James spoke up. “Mine still work. I’ve been snooping on their progress since I left. Hang on, I’ll send them over.”
Sid chuckled. “Amateurs.”
I was about to ask how long all this would take when my phone rang. Daniel was calling me.
“I’ll be right back.” I went to my office and closed the door behind me. “Daniel, hi.”
“I got your message,” he said.
“Thank you for calling me back.”
“I told you not to call.” His tone was less than warm.

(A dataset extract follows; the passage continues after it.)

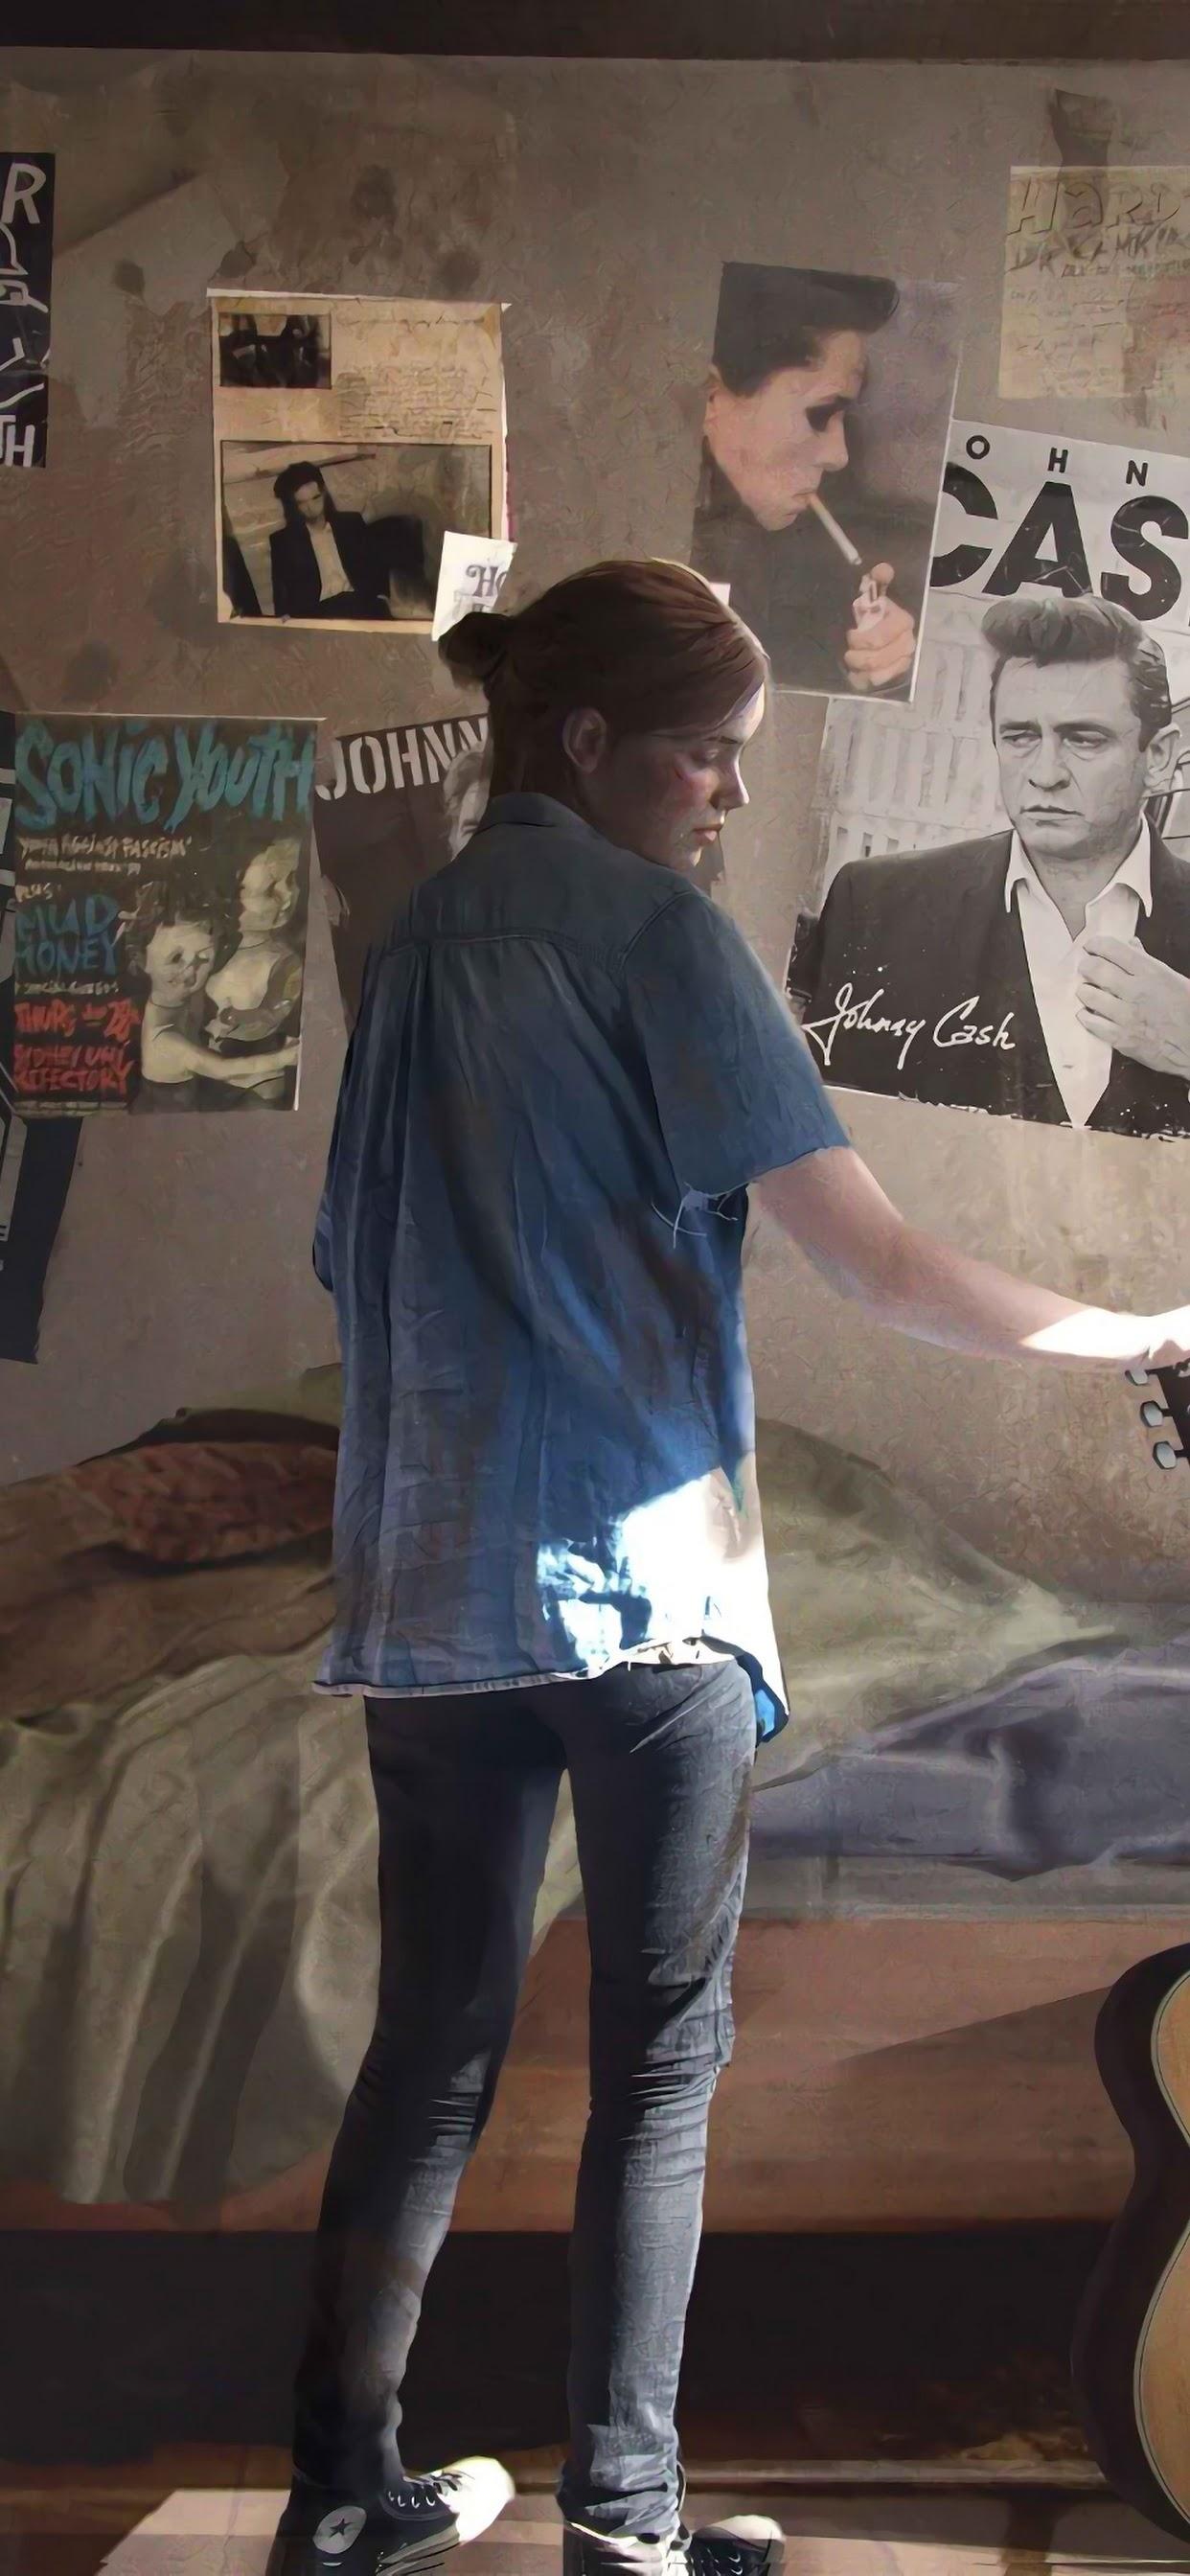 The Last Of Us Part 2, Ellie, Guitar, 4k, - Ellie The Last Of Us Part 2 - HD Wallpaper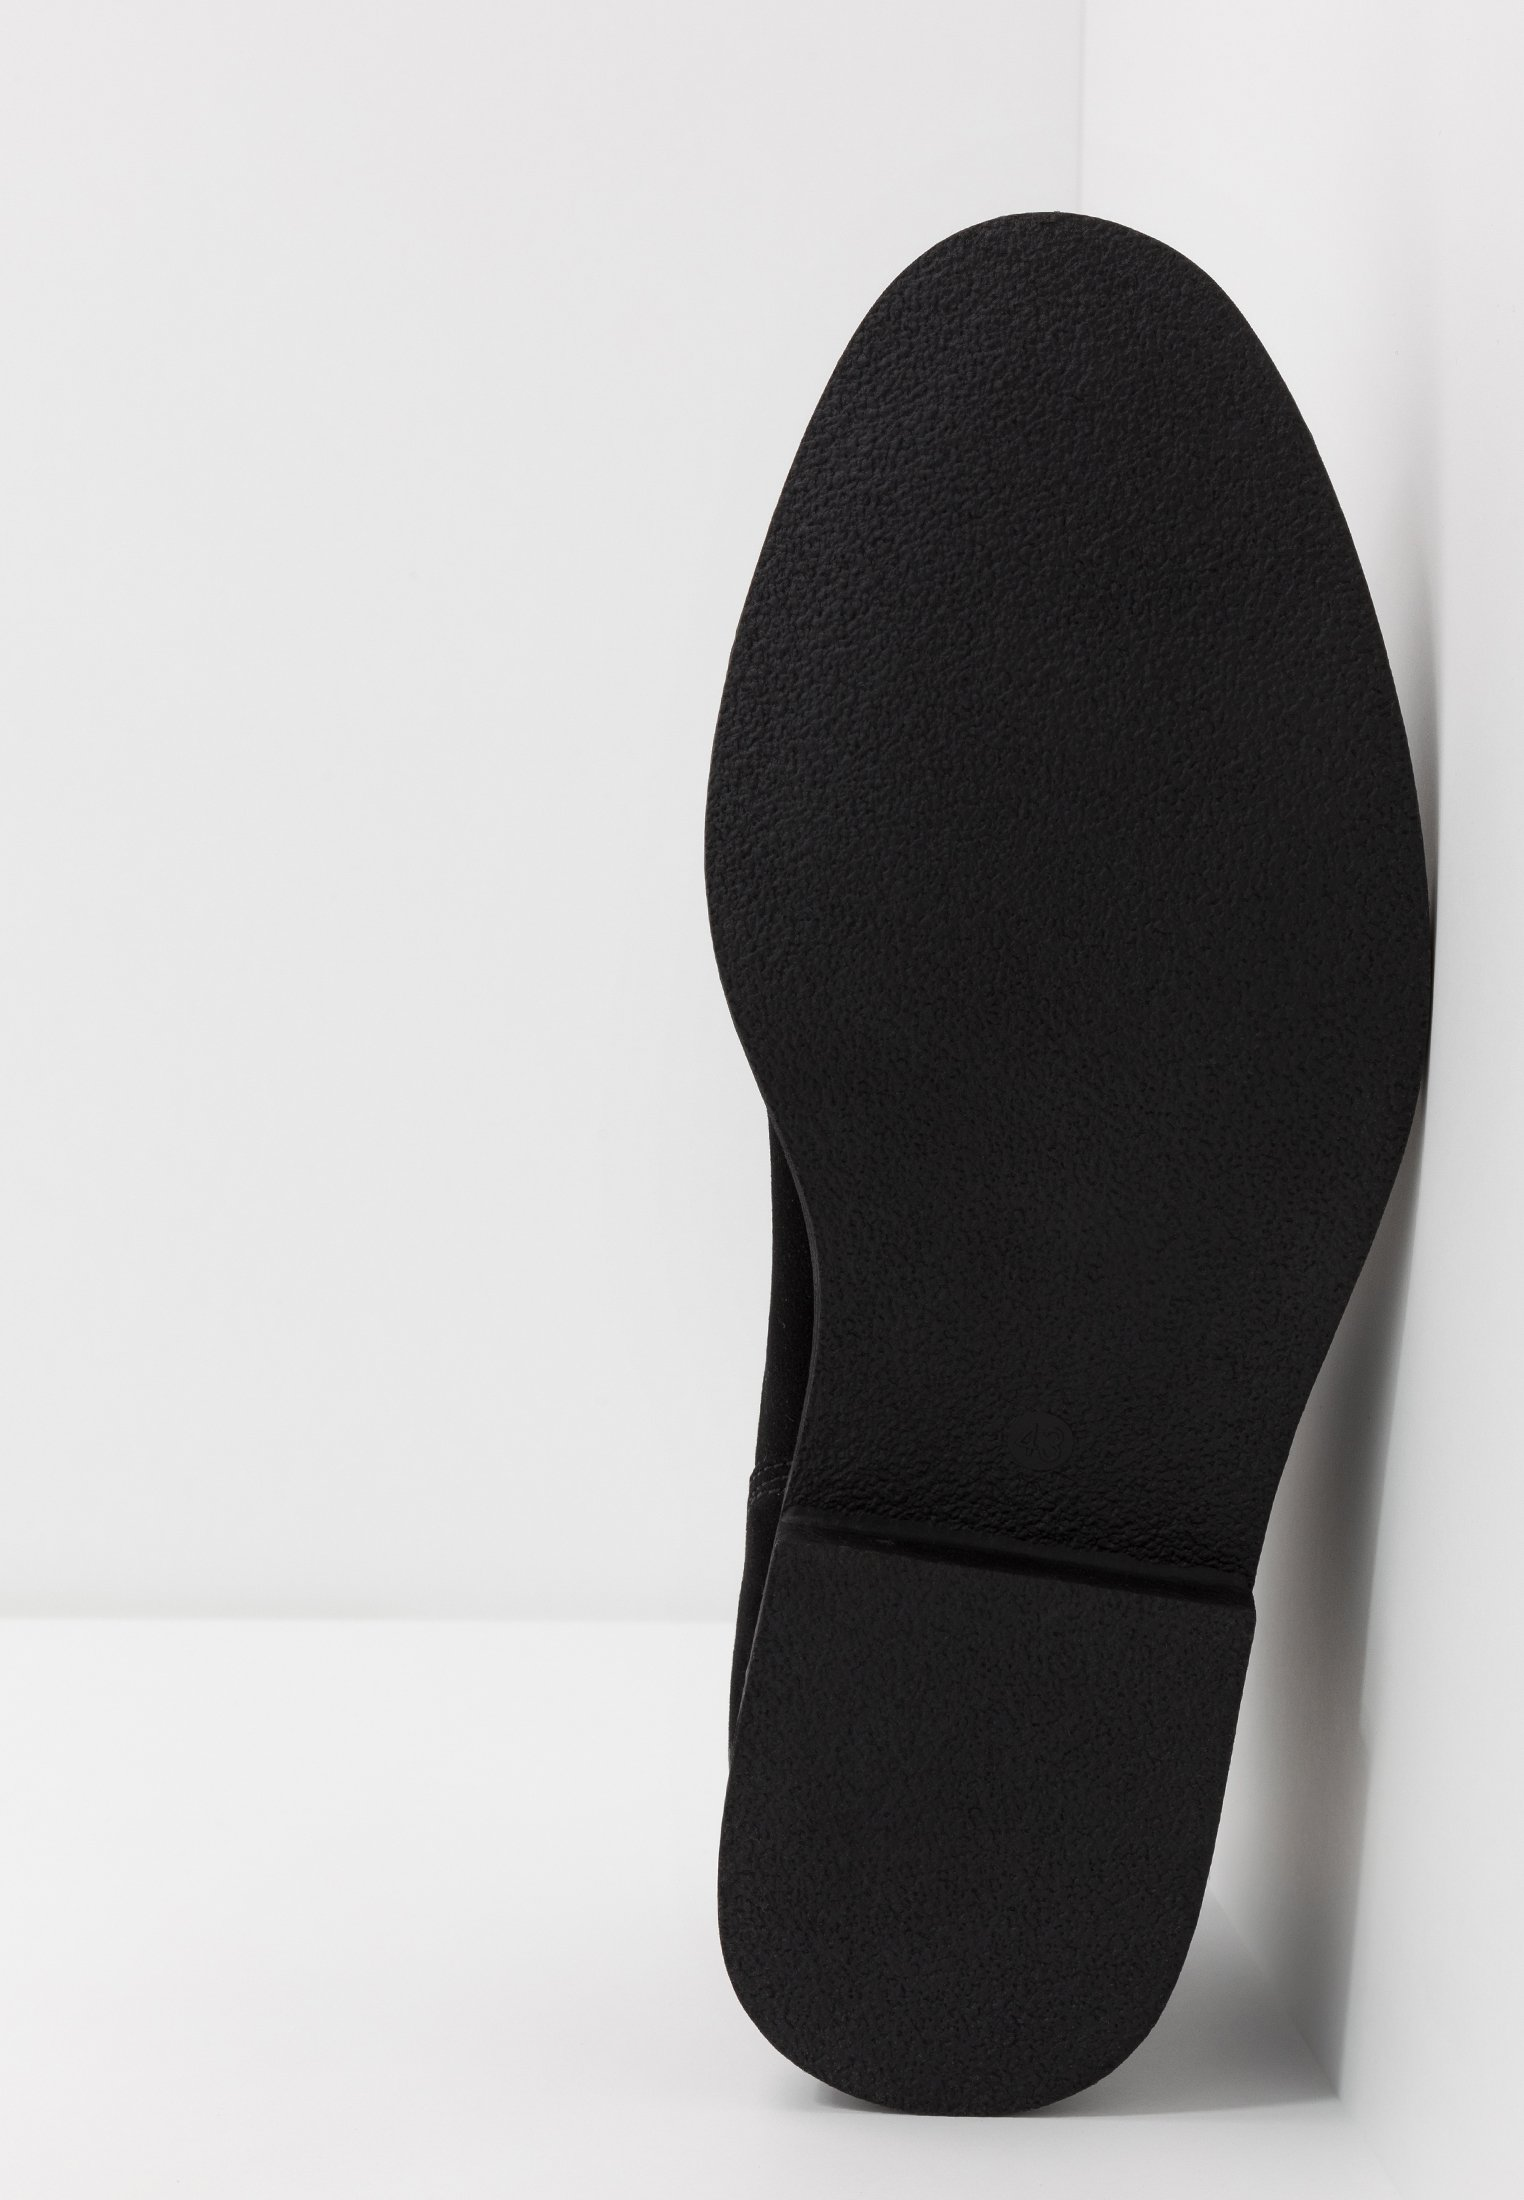 Topman SPARK CHELSEA - Stiefelette - black - Black Friday

“Well, I don’t listen very well.”
“Obviously. There’s too much heat right now. The election aside, the feds are up my ass thinking I’m behind all of this along with Blake. You don’t want to get mixed up in this any more than you already are.”
“They arrested Blake.”
He cleared his throat gruffly. “I’m aware.”
“He didn’t do this.”
“You’d better hope to God he didn’t, Erica. I’m not going to bother telling you how much money I’ve sunk into this campaign. This isn’t just money. This is a life’s work, and if he came between me and—”
“I know who did this, and I need your help to find him.”
For all the hurt Daniel had caused, all I wanted to do was smack him in the head for how single-minded he was being. Finally, finally, I was making progress and he was still hung up on Blake’s supposed guilt.